An opportunity for the world of education

In many countries, especially in Northern Europe, school authorities have officially joined the protest: the pupils are allowed to take to the streets without their absence from school being counted against them. Elsewhere, including Italy, mobilisation is left to the free choice of individuals.

For schools, and in general for the world of education, this is a wonderful opportunity to bring the theme of climate change and environmental sustainability into the classroom. Young people are always ready to get involved in the first person, and this moment is ideal for them to grasp the theoretical and practical knowledge to make their actions more effective.

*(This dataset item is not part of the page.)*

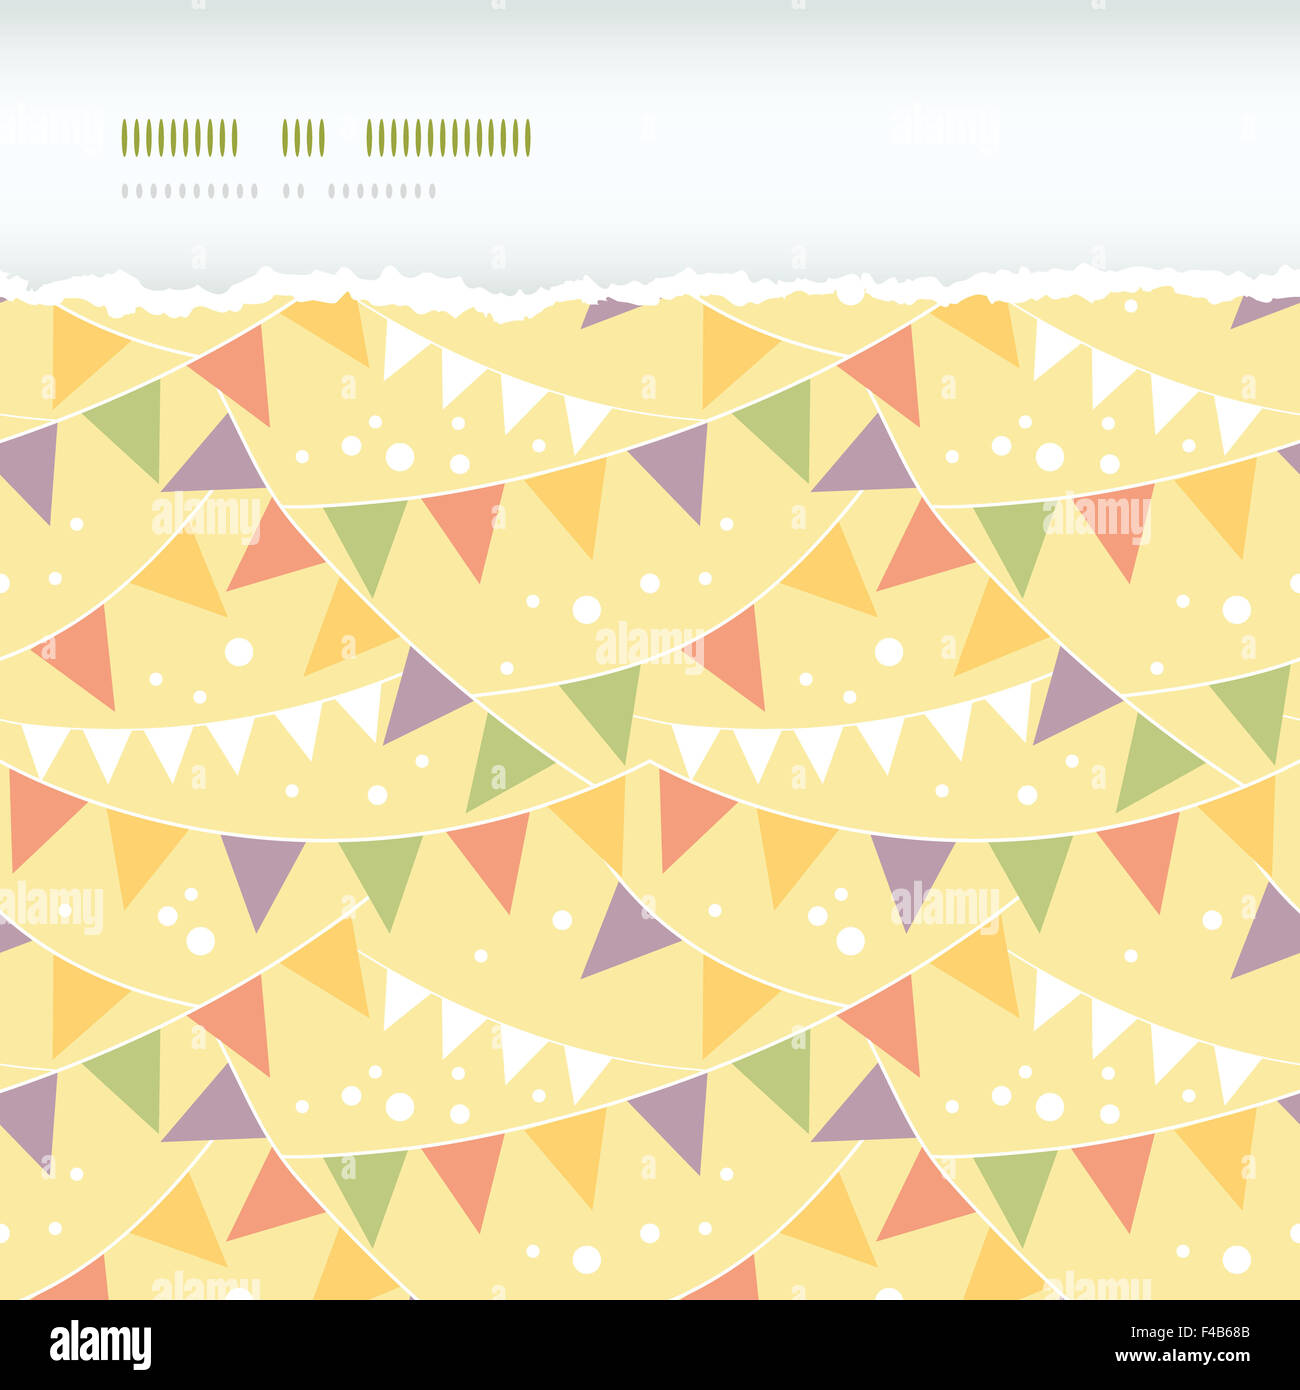 Party Decorations Bunting Horizontal Torn Seamless Pattern Background Stock Photo
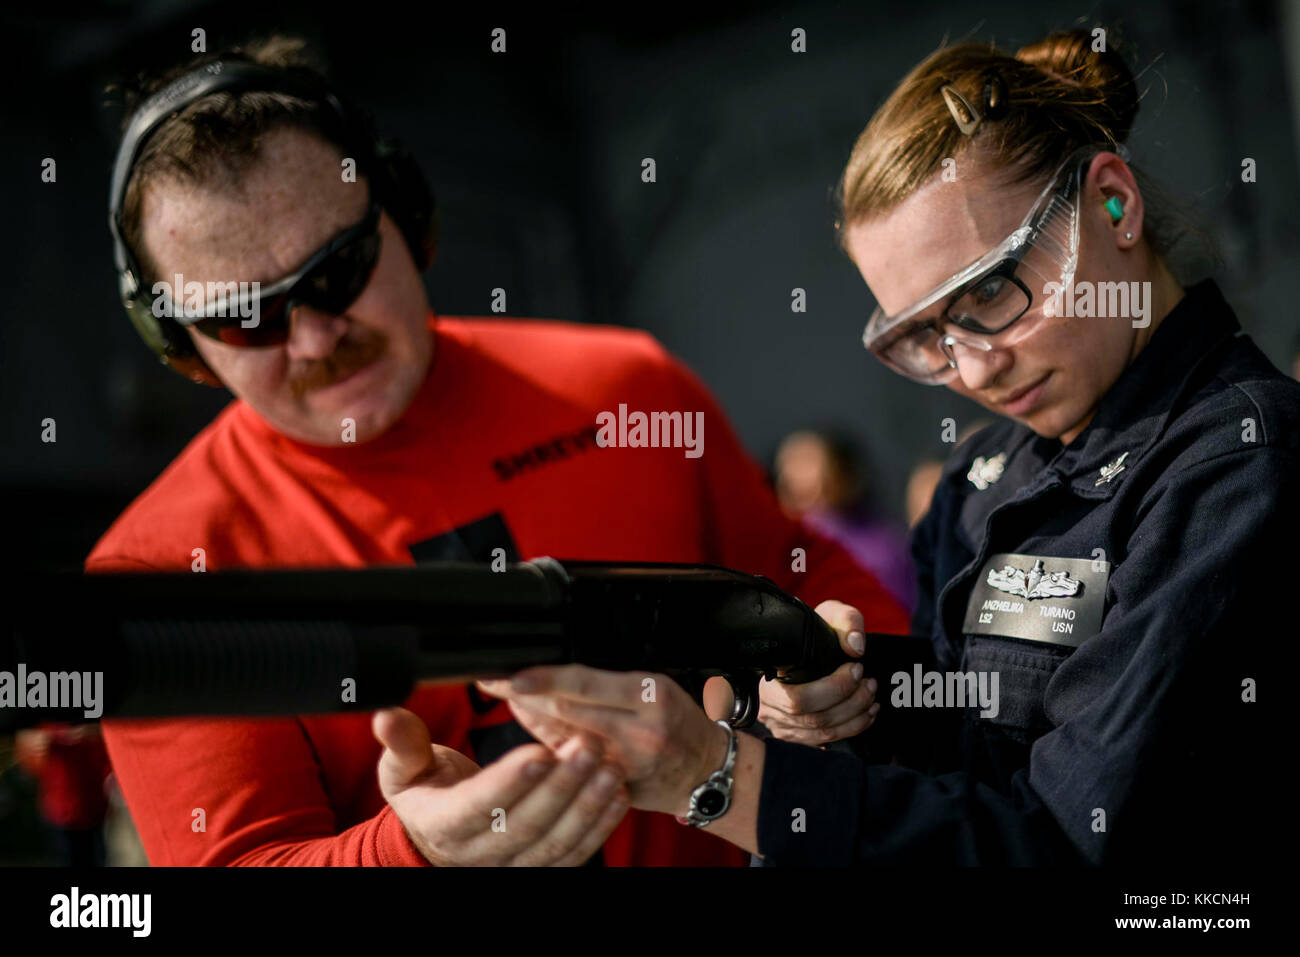 INDIAN OCEAN (Nov. 26, 2017) Aviation Ordnanceman 1st Class John Shreve instructs Logistics Specialist 2nd Class Anzhelika Turano on proper weapon handling while shooting a M500 shotgun off the fantail of the aircraft carrier USS Theodore Roosevelt (CVN 71) during a weapons qualification course. Theodore Roosevelt is deployed in support of maritime security operations and theater security cooperation efforts. (U.S. Navy photo by Mass Communication Specialist 3rd Class Robyn B. Melvin) Stock Photo

In Italy, educational materials produced by BCFN are available to all teachers, in the context of the project Noi, il cibo e il nostro pianeta aimed at children of all ages, from primary school to high school. Through multimedia and interactive tools, this project puts food in relation with the environment, health, society and migration, and explains how the construction of a balanced relationship between environment, food, natural resources and the needs of human beings is fundamental for achieving the United Nations’ Goals of Sustainable Development. 

The #FridaysForFuture movement declares that the youngest generations are fundamental drivers for achieving this vital goal. They know that it’s time to act, and act urgently… will adults be capable of listening to the wisdom of children?